Please note that the diagram may not be compatible with some blog or RRS readers and you may have to visit this website to view it.

About the Diagram

Using this tool requires a knowledge of Sonata Theory that surpasses a familiarity of terminology and acronyms to require an understanding of the formal musical features that define the repertory of late eighteenth-century sonata movements. These include, but are in no means exclusive to, the first and last movements of solo sonatas, string quartets or other chamber genres, and symphonies. A brief guide to the types can be found below but this should be supplemented with James Hepokoski’s and Warren Darcy’s chapters on the types in their Elements of Sonata Theory: Norms, Types, and Deformations in the Late Eighteenth-Century Sonata.

The tree diagram represents musical time vertically from top to bottom, with the pathways through each sonata type branching off to the left or right. For the sake of consistency, space is not used to signify tonal distance in the way that Hepokoski and Darcy’s well-known figure does (Fig. 2.1, p. 17) or Seth Monahan’s adapted version in Mahler’s Symphonic Sonatas (Fig. 1.1, p. 1). These two figures stagger non-tonic theme areas (S or C) on a higher horizontal plane to those in the tonic (P), whereas my diagram uses black to represent tonic material, white to represent non-tonic material and grey to represent material with a tonicizing function (TR/RT). A small gap has been left between TR and S to represent the medial caesura.

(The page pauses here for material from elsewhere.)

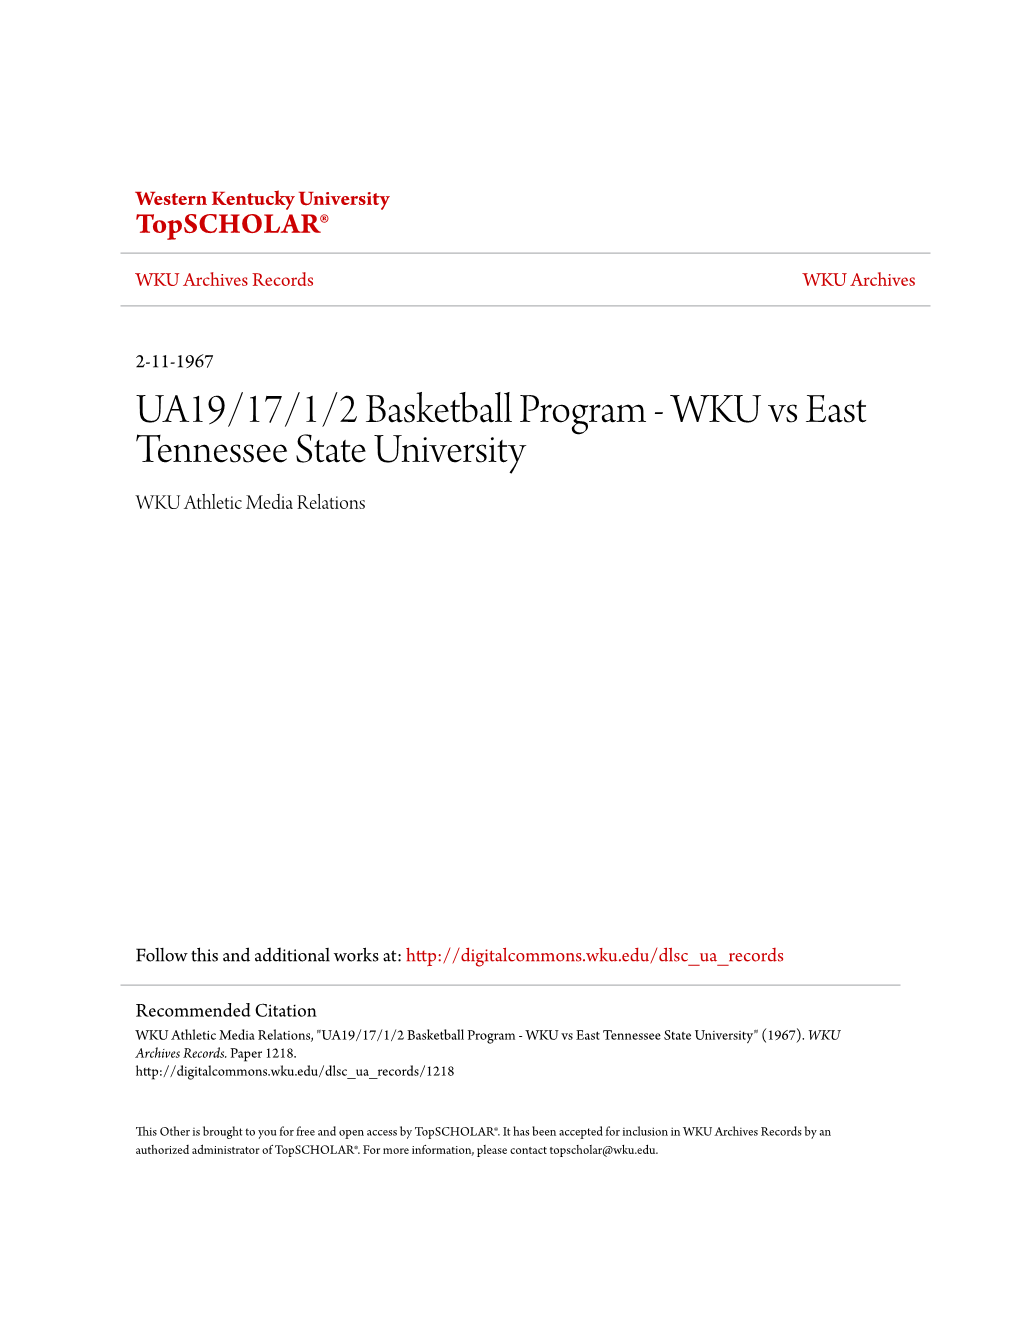 UA19/17/1/2 Basketball Program - WKU Vs East Tennessee State University WKU Athletic Media Relations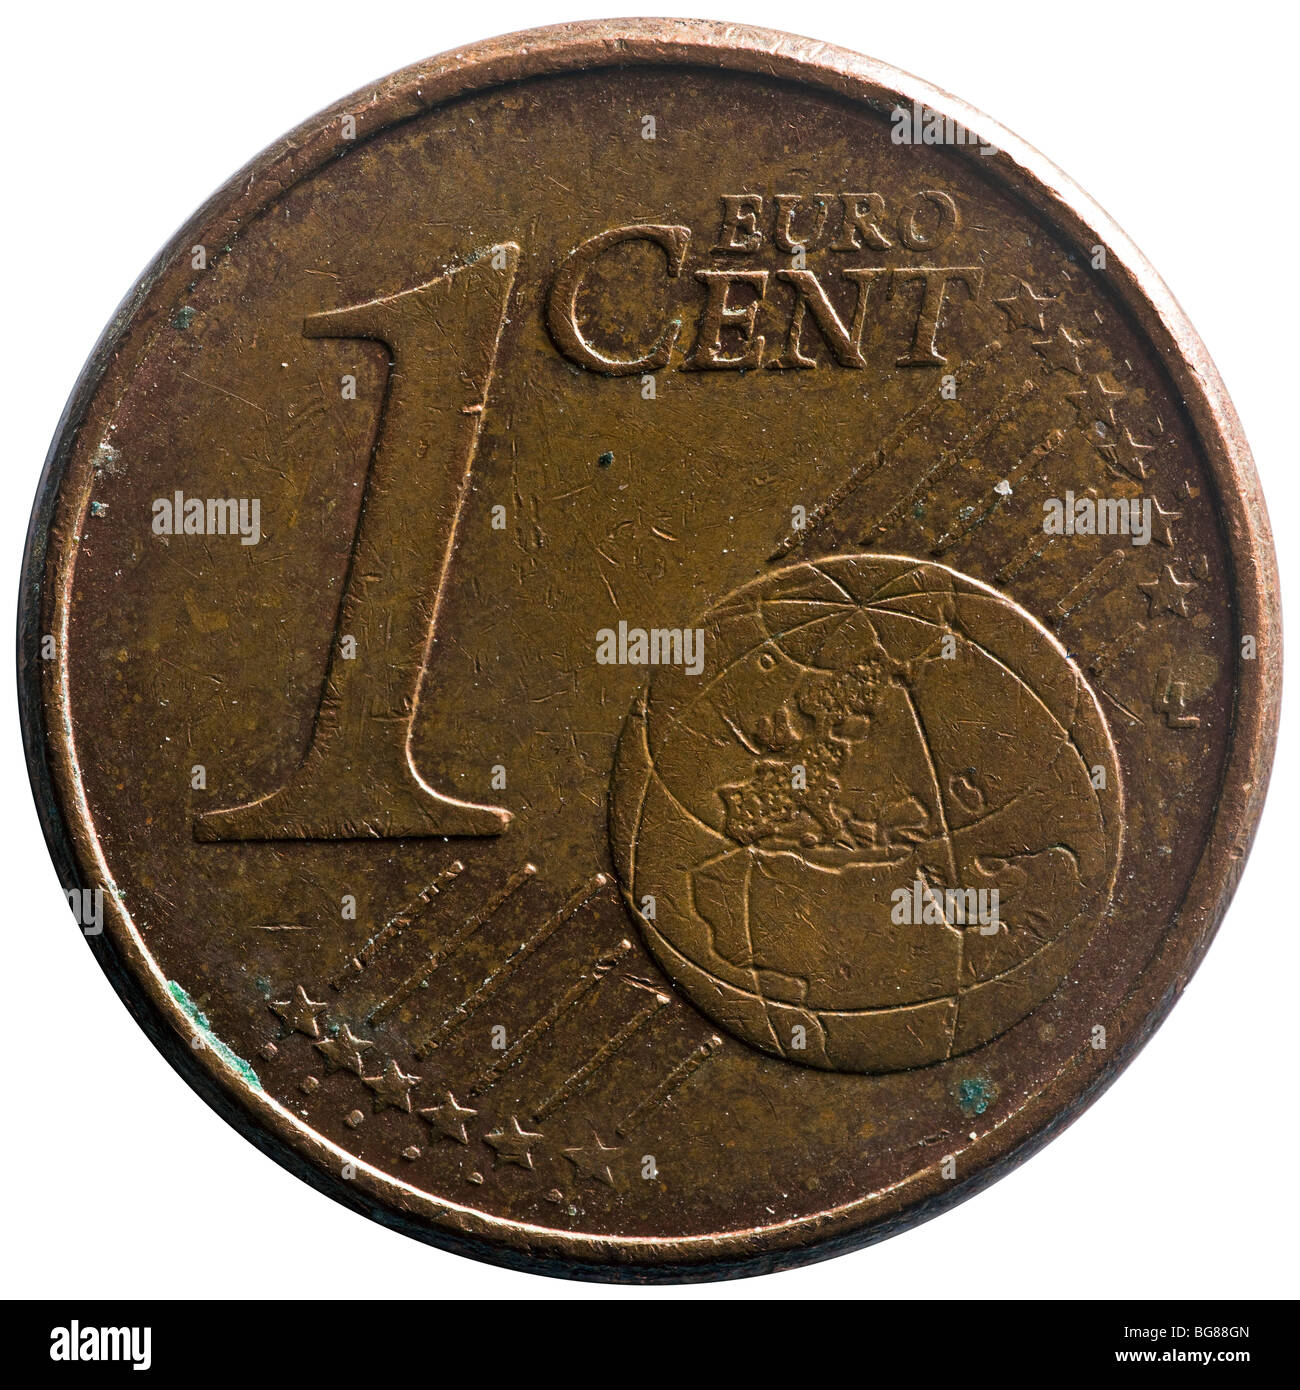 A high-definition photograph of an old one cent Euro coin. Macrophotographie d'une vieille pièce d'un centime d'euro. Stock Photo

A Brief Guide to Sonata Types

TYPE 1 (expanded)

A bi-rotational sonata type lacking repeat marks.

After a retransition, the second rotation (R2) begins with a tonic statement of the primary theme (P), followed by an interpolated developmental ‘expansion’. After this diversion, the rotation begins to correspond to the exposition’s material again, most notably with the secondary theme area (S) in the tonic, thereby rendering the entire section a recapitulation. A coda, likely based on primary material may follow.

TYPE 2

Another bi-rotational sonata type.

The opening of the second rotation (R2) is something of an unknown in this type, but it is often developmental and might involve P and/or TR material. At some point in this section, the music begins to correspond to the exposition’s materials in the tonic at some point, at least by the end of the secondary theme area. A coda, likely based on primary material may follow. Due to the lack of ‘double return’ in this form (P + tonic) before the ESC, this type is not considered to have a recapitulation at all. This type is defined in opposition to theories that do not require a rotational ordering of materials within a section: ‘reversed recapitulations’ or ‘mirror’ forms. The most common of these theoretical layouts is also shown on the Sonata Type Tree Diagram.

TYPE 3

The traditional ‘textbook’ sonata type.

After a development, a full recapitulation follows, in which all of the expositions materials appear in order, transposed into the tonic. A coda may follow.

TYPE 4

A sonata-rondo hybrid type.

Rather than existing as an entirely separate form to the Type 3 sonata, Hepokoski and Darcy theorise that Type 4 sonatas lie somewhere on a continuum between a Type 3 and a symmetrical seven-part rondo. The primary and secondary themes of a Type 4 correspond neatly to rondo-refrains and episodes. The transition (TR) between these theme areas gives this form some of its sonata status. Every section or rotation of this form begins with the primary theme-refrain, or at least part of it, in the tonic, including in the development. The recapitulation is followed by a P-refrain based coda.

Why not Type 5?

Though the Type 5 sonata (a ritornelli-concerto hybrid form) is related to the other types, it is complicated enough to exclude from the Sonata Type Tree, for now at least.